Last weekend, a friend nominated me to detail three positive thoughts for five days. It’s the latest thing to be doing the rounds on Facebook.
I duly wrote my daily three positive thoughts, and in turn nominated three other friends on each of the five days.
Some of my positive thoughts include:
1. I am alive! This can never be overrated. Having suffered a life-threatening illness earlier this year, I really do appreciate still being here.
2. SANDS Australia shared my Start a Conversation about Baby Loss post on their Facebook page, generating many kind comments from other parents who have lost their babies. A friend said she’s using the same post for some bereavement training she’s doing. This post has been so resonant with many people, and I am very touched that Hugo’s legacy is reaching so far. It really does mean the world to me.
3. Going for a walk in the park, and stopping for cake.
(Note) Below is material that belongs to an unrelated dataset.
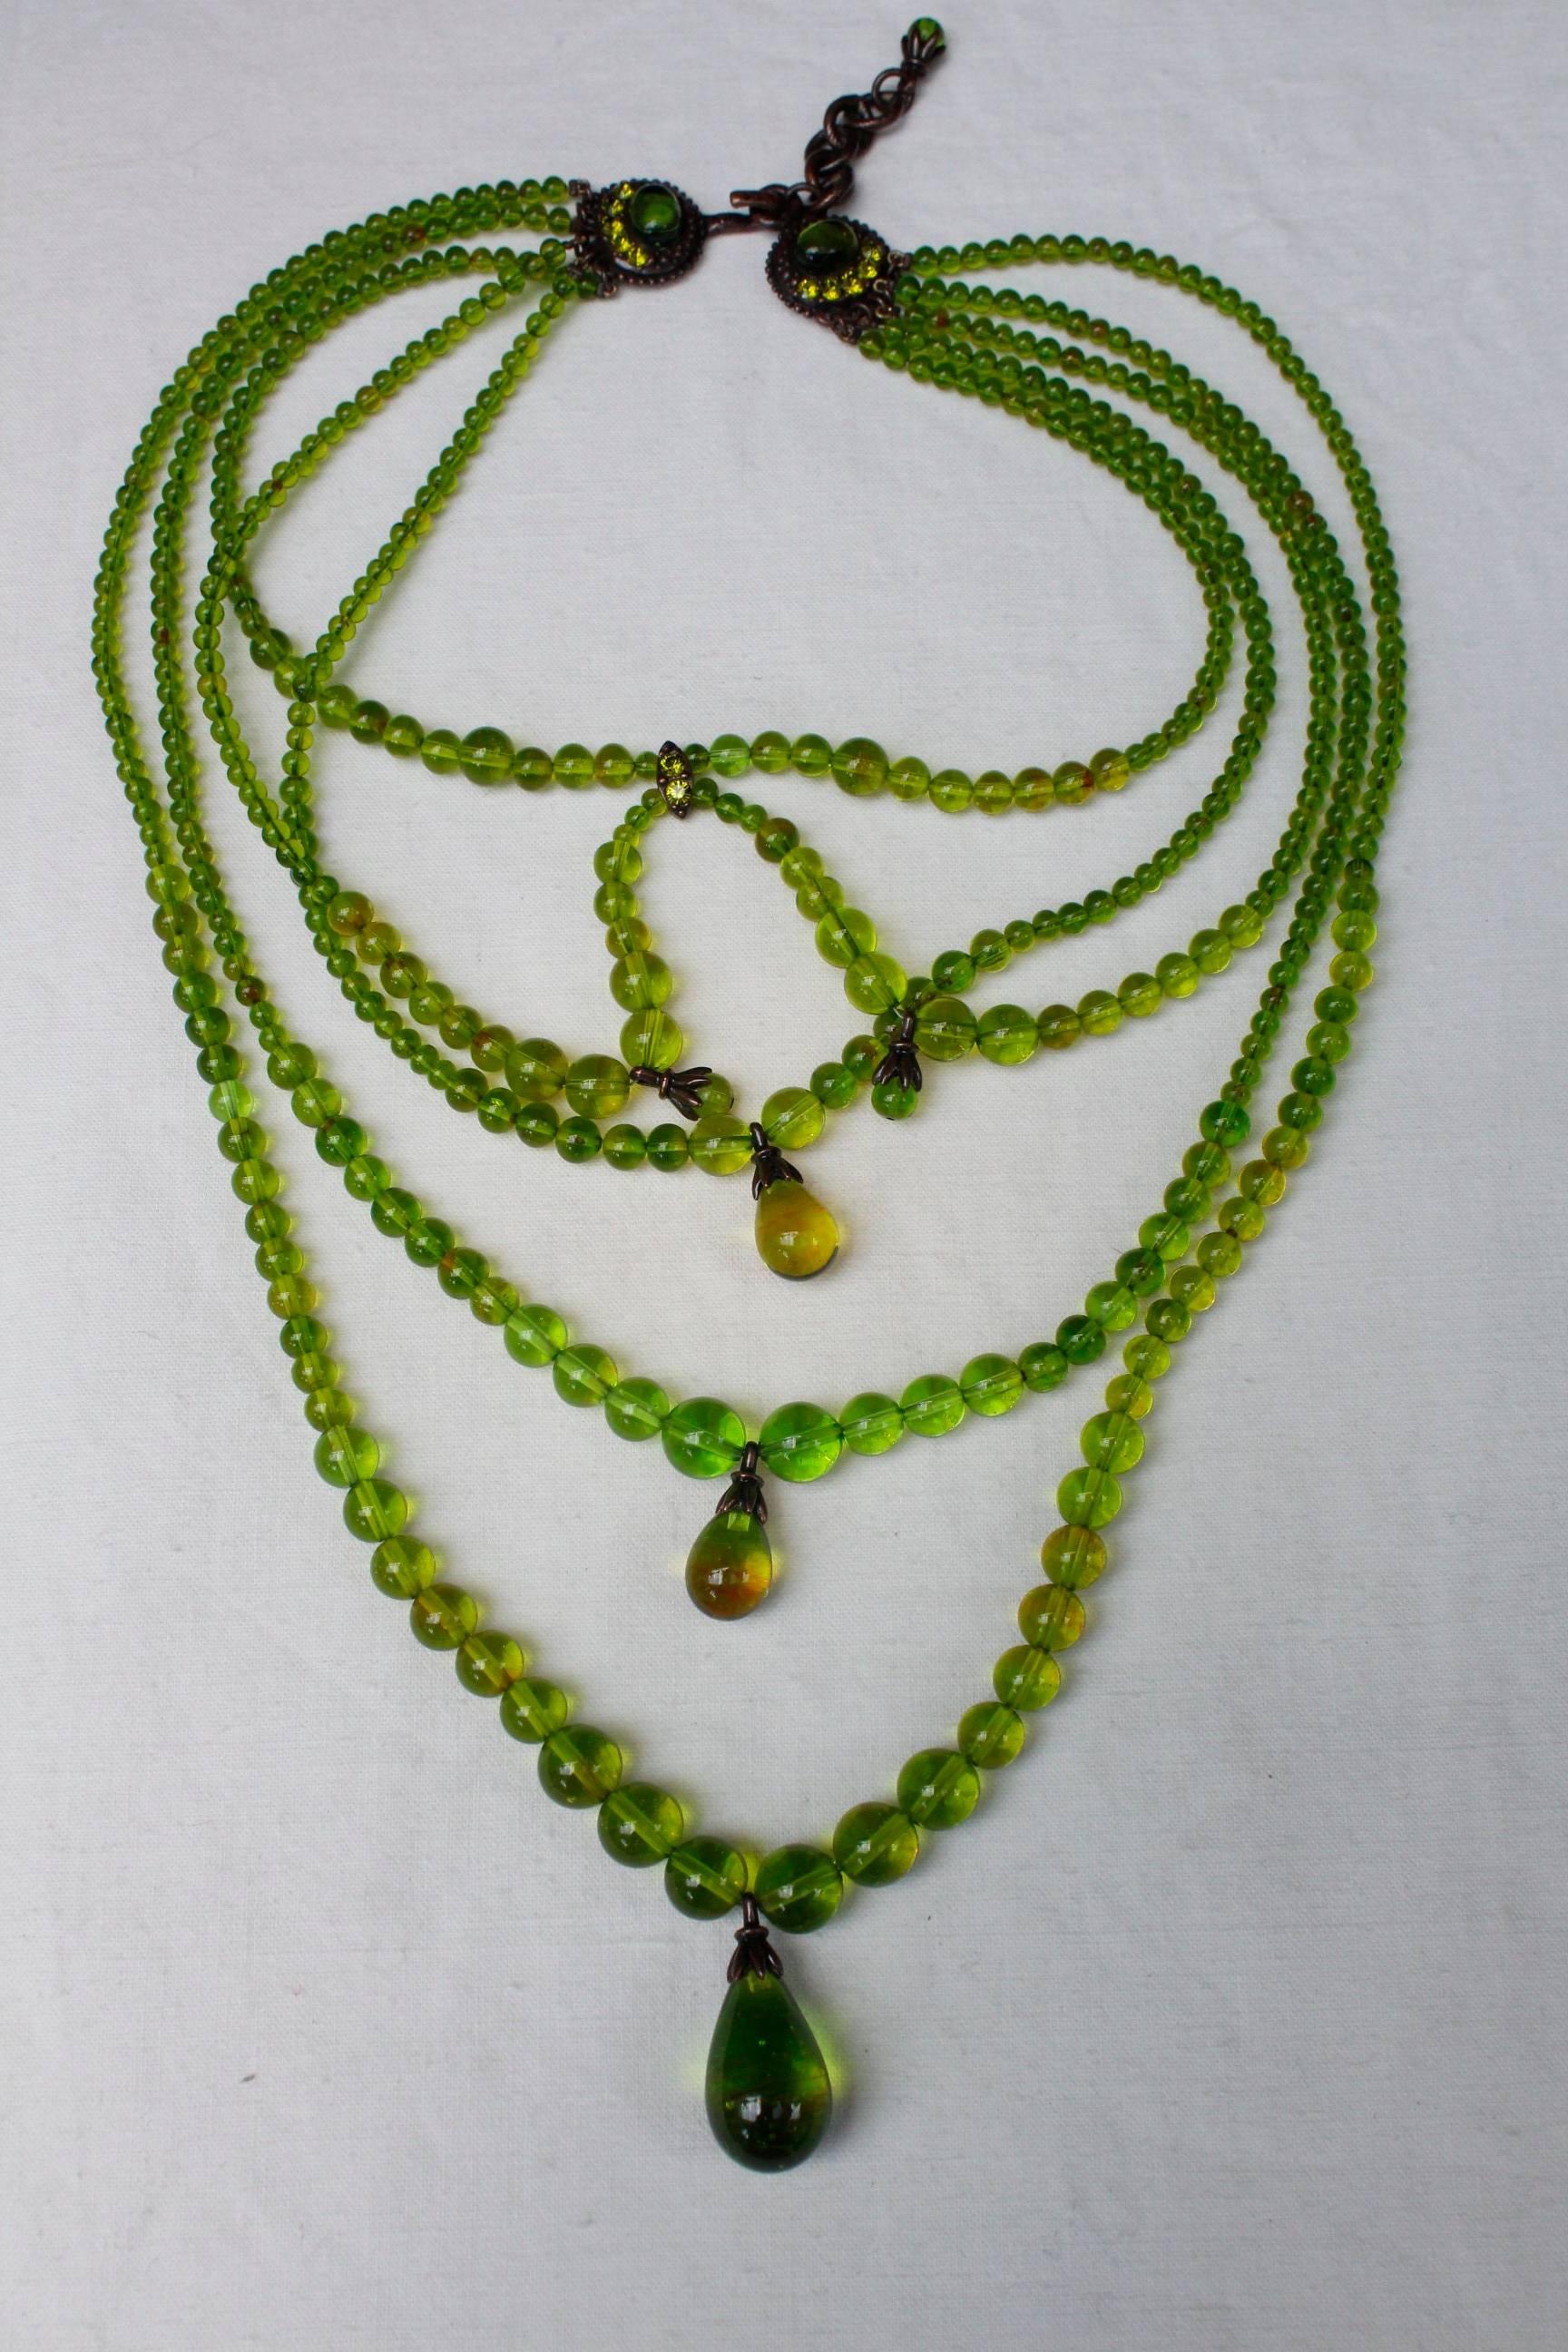 Women's Late 1990s Christian Dior by Galliano Green Massai Necklace

4. A beautiful, sunny day.
5. A good gym session – it was my first for two weeks. Despite my legs aching on a particular machine and being tempted to give up, I persevered and completed my time. For once, there was even decent-ish music on the telly, rather than the dance noise that passes for music these days.
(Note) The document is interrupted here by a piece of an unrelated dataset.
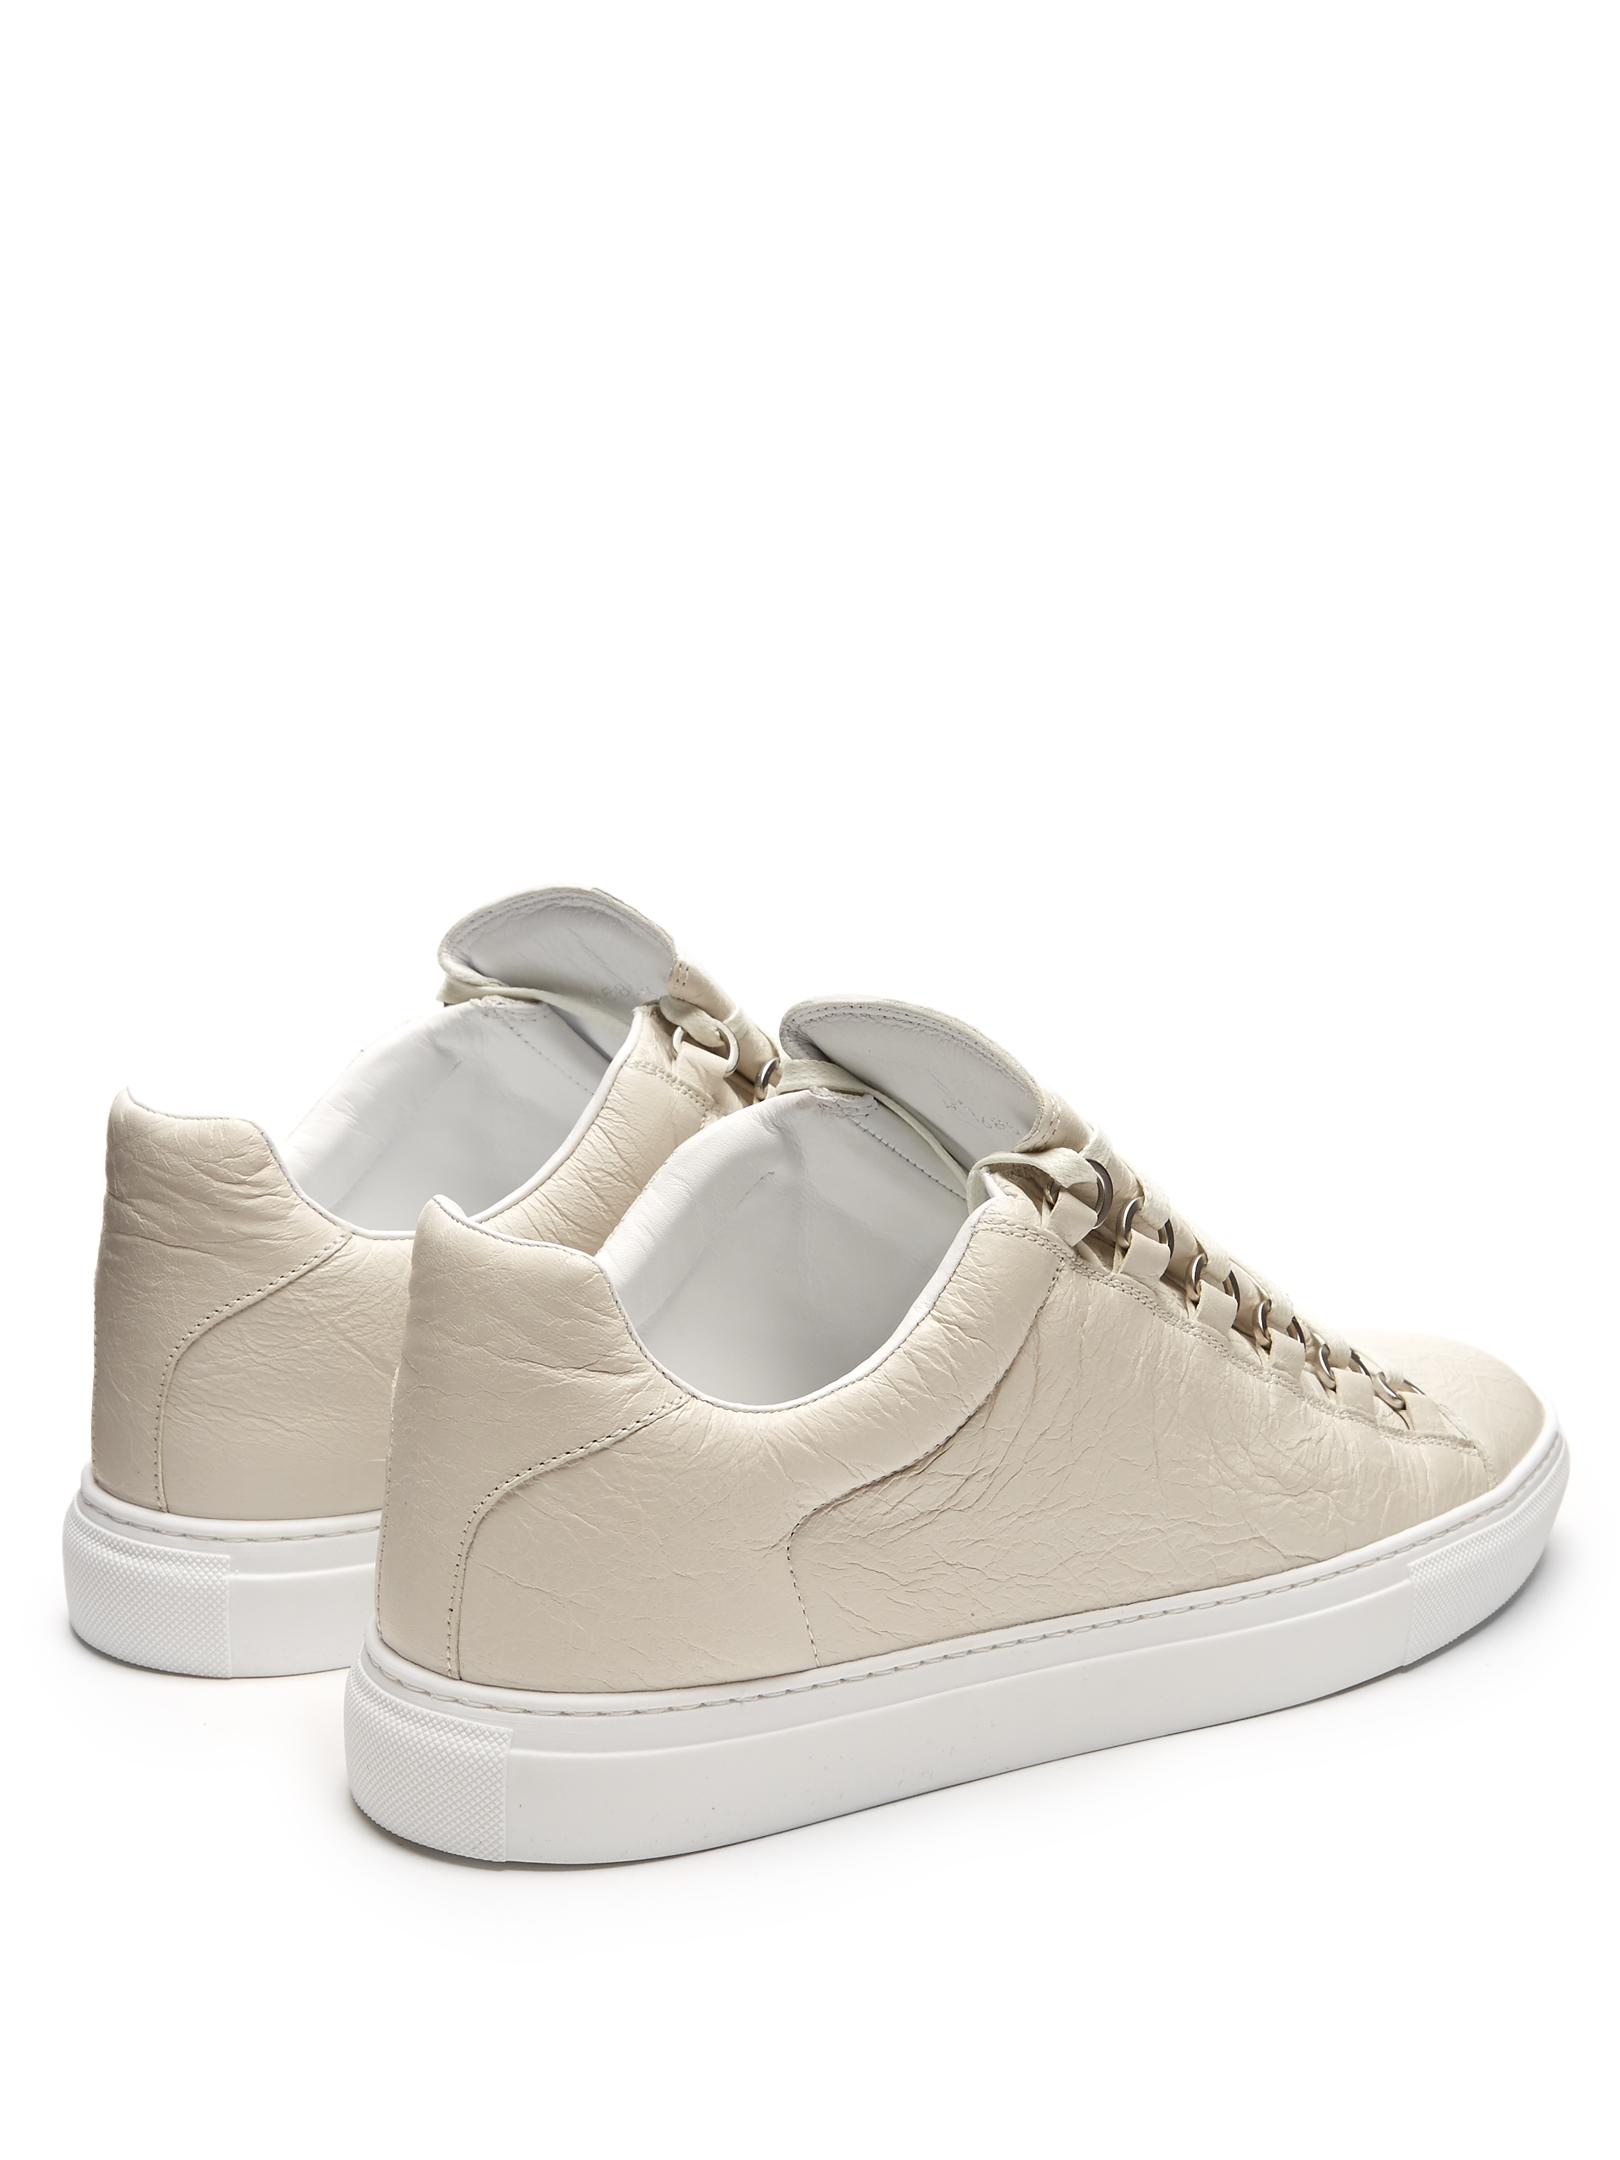 Learner saltet kultur Balenciaga Arena Low-top Leather Trainers in White for Men - Lyst

Facebook is often berated – justifiably so, if you see the bitching, moaning, trolling and scams that too often fill our newsfeeds. However, the ‘three positives for five days’ represent how social media can be used for constructive uses.
Research has shown that sustained, regular positive thinking can help improve your outlook on life, make you feel more confident, assert control over your life and achieve your goals. In short, make you feel happier.
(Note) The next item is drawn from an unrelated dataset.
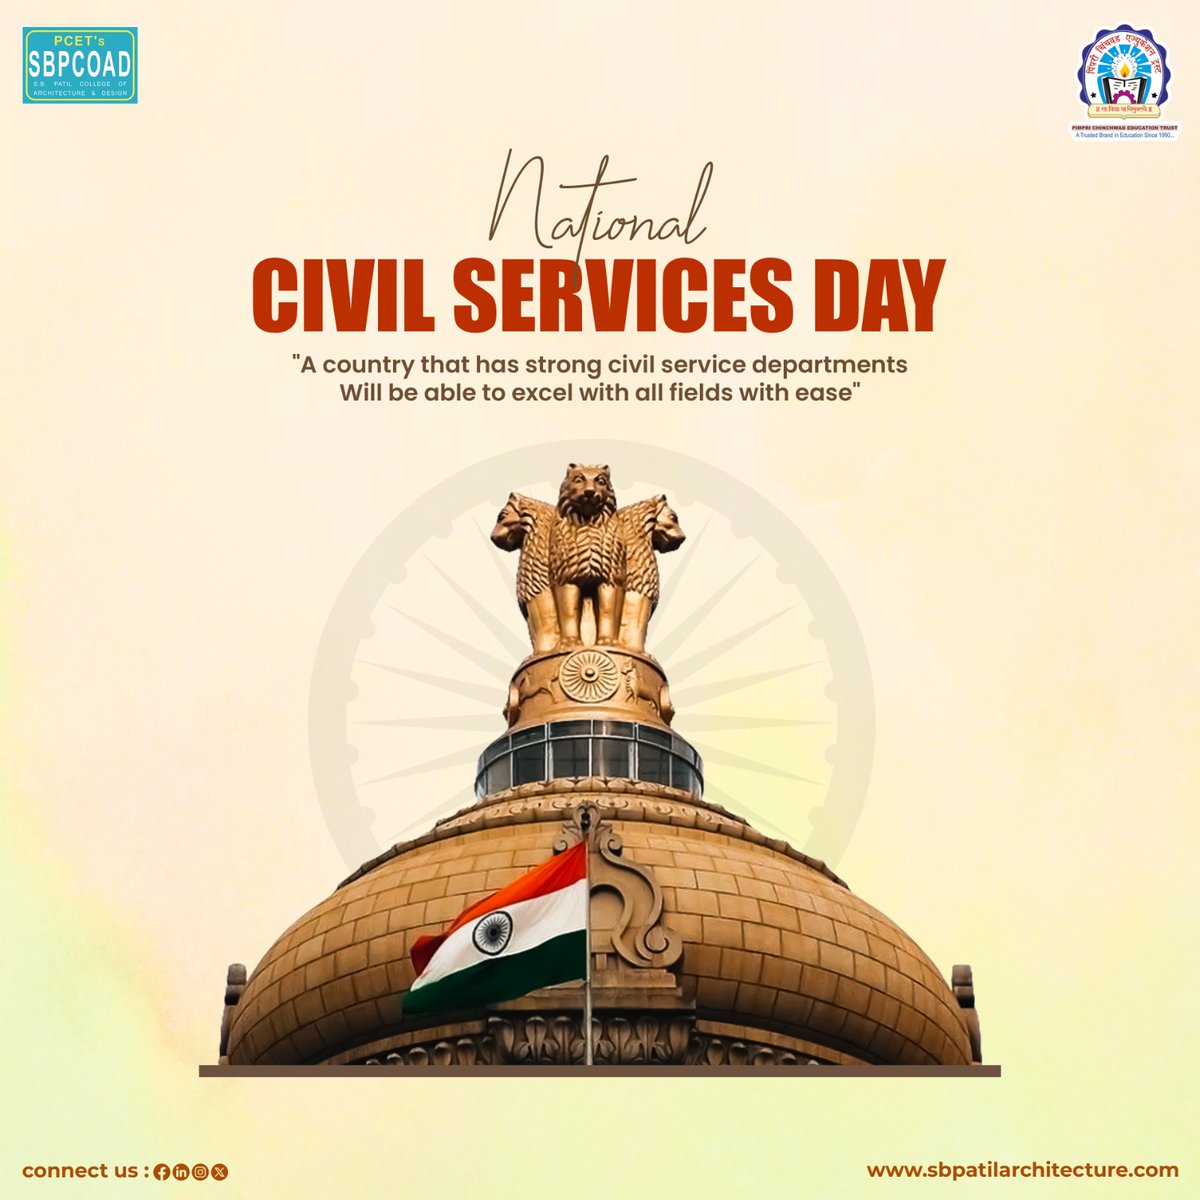 Today, we honor the dedication & commitment of civil servants who work tirelessly to serve our nation. Their unwavering efforts shape our society & make a positive impact on countless lives. Thank you for your service & dedication. #NationalCivilServiceDay #CivilServiceDay

Happiness is what we all strive for, isn’t it?
Many of us (myself included) can fall in to the trap of using social media to complain – about our jobs, our spouses, our families, our friends, our pets…anything, really. It can be cathartic, a useful way to vent and get our frustrations off our chests every so often.
Getting in to the habit of positive thinking – and seeing the positives in any situation, no matter how crap our day has been or how difficult the situation is – is bound to improve our happiness over the long term.
The ‘three positives for five days’ was a useful exercise for me. I am generally inclined towards being positive, but this year’s events have tested this inclination to the limit.
I enjoyed celebrating the small positives in each day. For me, it served as a reflection that many of greatest pleasures in life are also the simplest: sunshine, cake, a walk in the park.
Reflecting on the positives has made me feel a little bit happier.
It has felt good to feel positive, and reflect on what is good about each day. I’ve now finished my five days, but it is something I will try to do every day – if only in my head.
Hopefully my happiness will increase – proportionate with my positivity.